Provided below are the facts about these important issues:
Water and a Healthy Lifestyle
- Everyone needs to hydrate; that is a fact. Hydrating with water is not only one of the healthiest practices, it is also the most efficient from a water use standpoint. Drinking water, whether tap or bottled, uses the least amount of water to produce compared with any other beverage.
- Americans need to drink more water for their health according to nutritionists. Most people drink both tap and bottled water. And 40% of water consumed today is bottled water, thanks to its presence on the shelf next to other beverages. Bottled water is an important source of water for hydration.
- Drinking zero-calorie beverages, such as water, is regularly cited as a key component of a more healthful lifestyle. With one-third of American adults being overweight and another one-third obese, bottled water is an important and healthy choice. Bottled water has helped eliminate billions of calories from the diets of Americans who choose it over sugary beverages.
Water Use and Bottled Water Production
- The amount of water used for bottling water in the U.S. is very small -- less than 0.02% of the total groundwater withdrawn each year. While that figure may vary slightly by location, the amount of water used for bottled water is only a small fraction of overall water use in California, or any other state.

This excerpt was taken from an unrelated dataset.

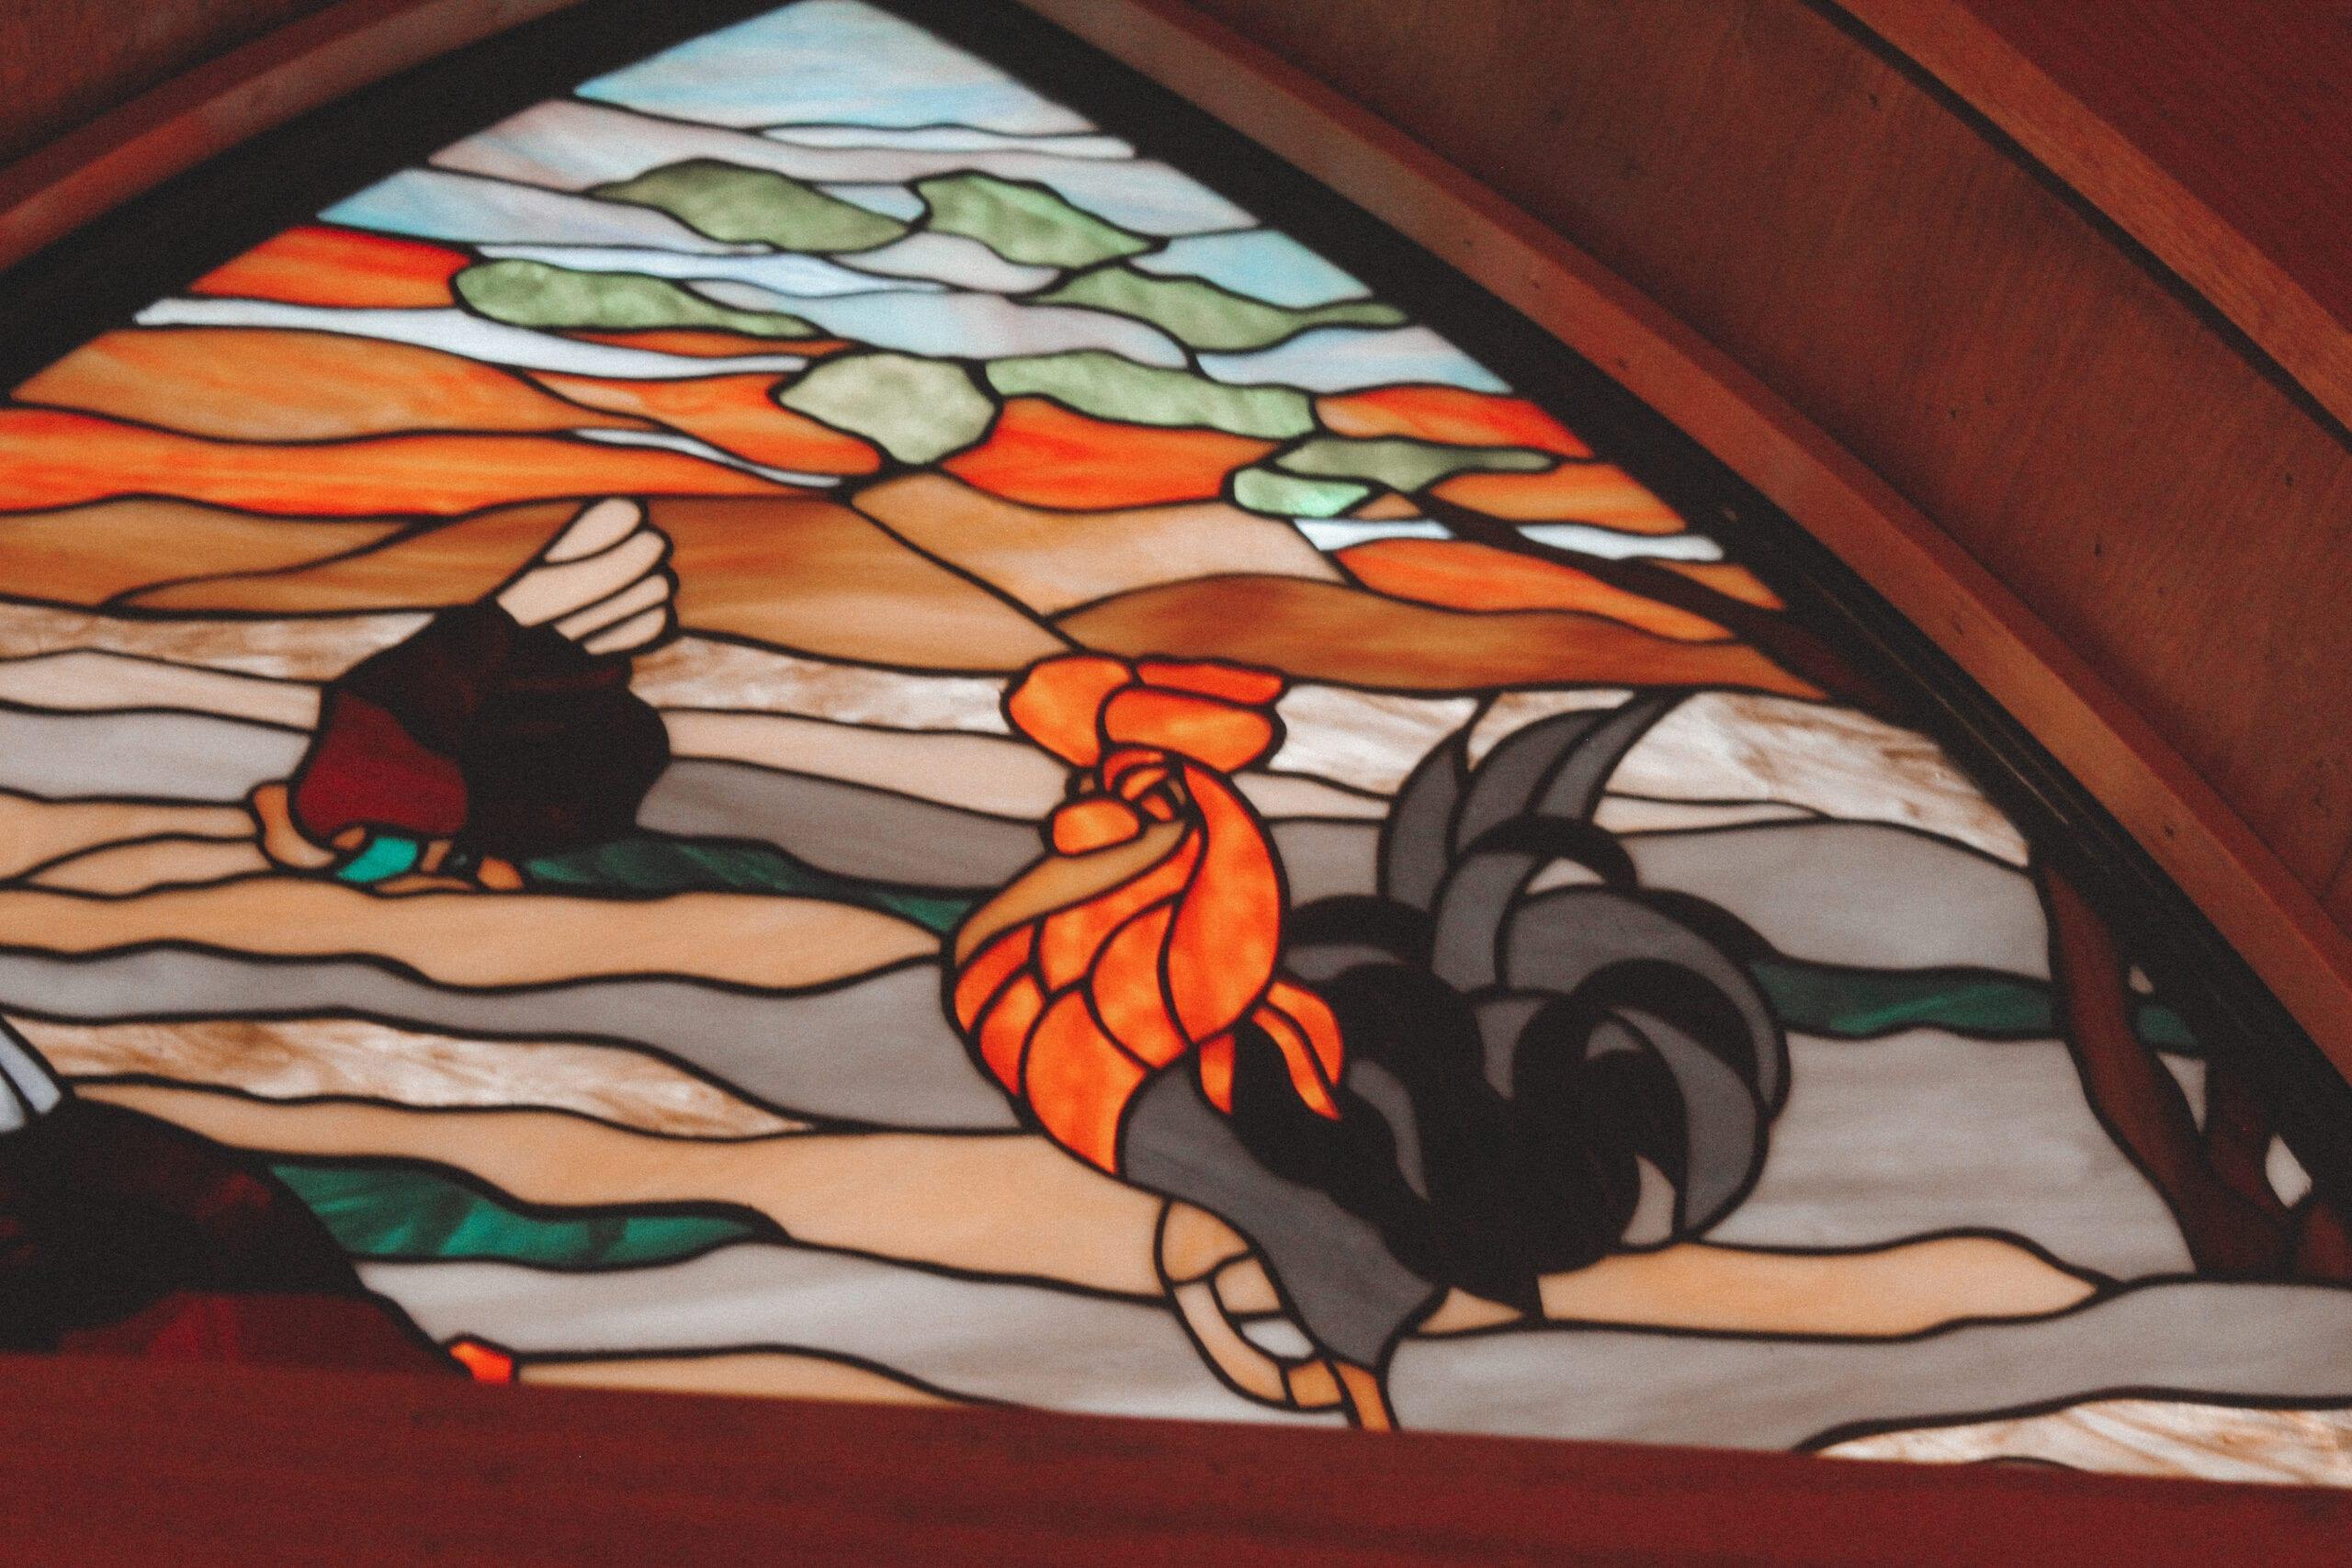 stainedglass6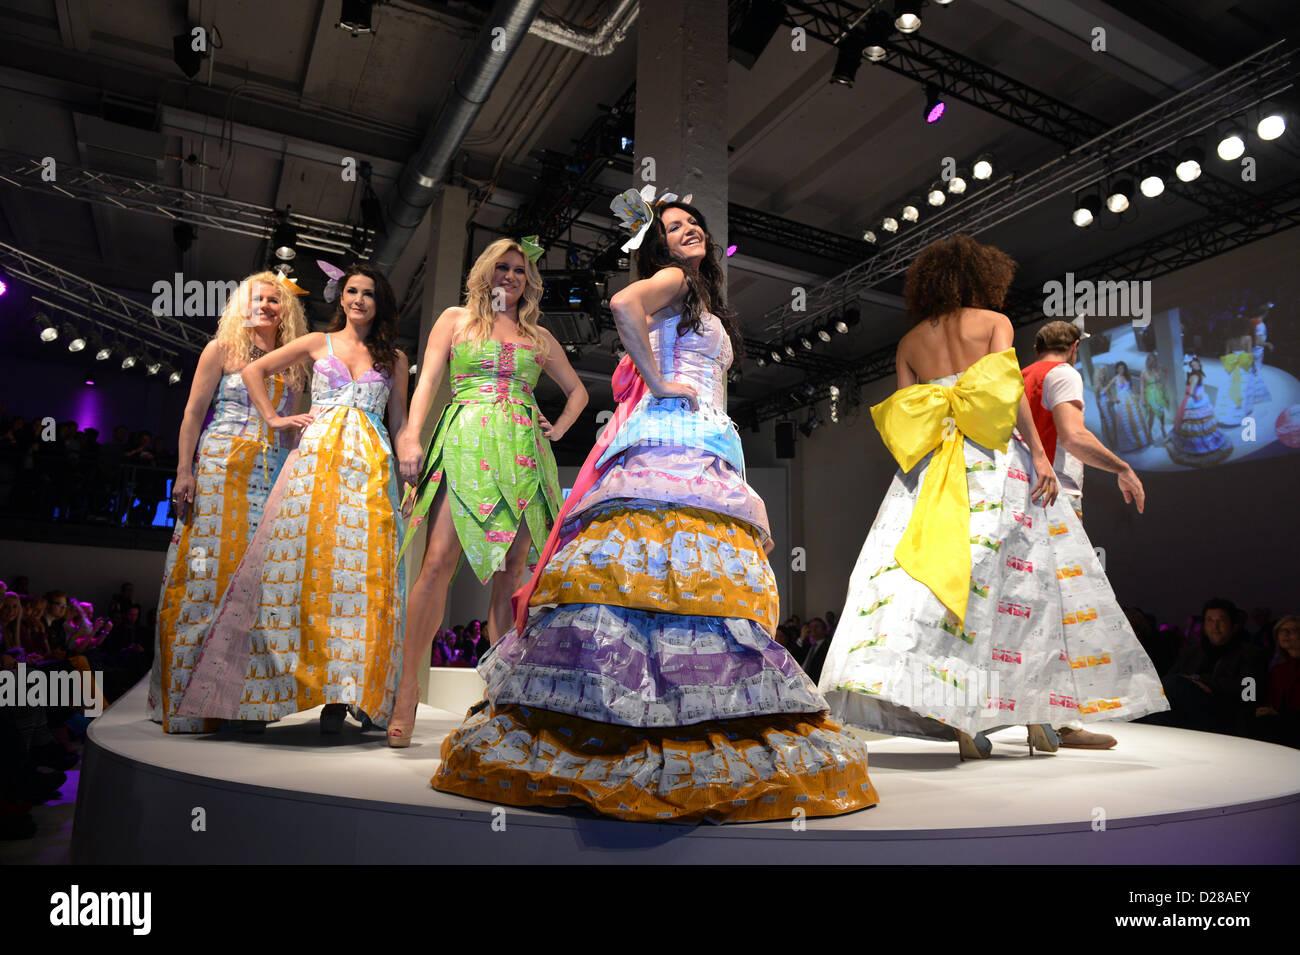 (L-R) Klara Ahlers (Lavera), Mariella Ahrens, Magdalena Brzeska, Christine Neubauer, Annabelle Mandeng y Bernhard Bettermann creaciones presentes en la marca verde Lavera apertura de diseñador Katell Gelebart durante la Semana de la moda de Berlín, Alemania, el 16 de enero de 2013. Las presentaciones de las colecciones otoño/invierno 2013/2014 tendrá lugar del 15 al 18 de enero de 2013. Foto: Jens Kalaene/dpa +++(c) dpa - Bildfunk+++ Foto de stock

- To put it in context, the entire U.S. bottled water market was about 10 billion gallons in 2013. In contrast, the city of Los Angeles goes through that amount of tap water in less than three weeks. According to the UCLA Institute for Environment and Sustainability, at about 80%, agriculture is the largest user of water in the state, followed by urban residential use at 13%.
- Most of the bottled water that comes from California water sources is sold in California. In fact, the vast majority of bottled water companies in the U.S. use local water sources and distribute their products to nearby towns and states.
- 100% of all bottled water is intended for human consumption. However, less than one half of 1% of tap water is drunk by humans.
A Strong Environmental Focus
- The bottled water industry has a long and deeply-held tradition of effectively and responsibly protecting and managing our vital natural resources. Sustainable, protected, and naturally recharged water sources are the single most important aspect of our business.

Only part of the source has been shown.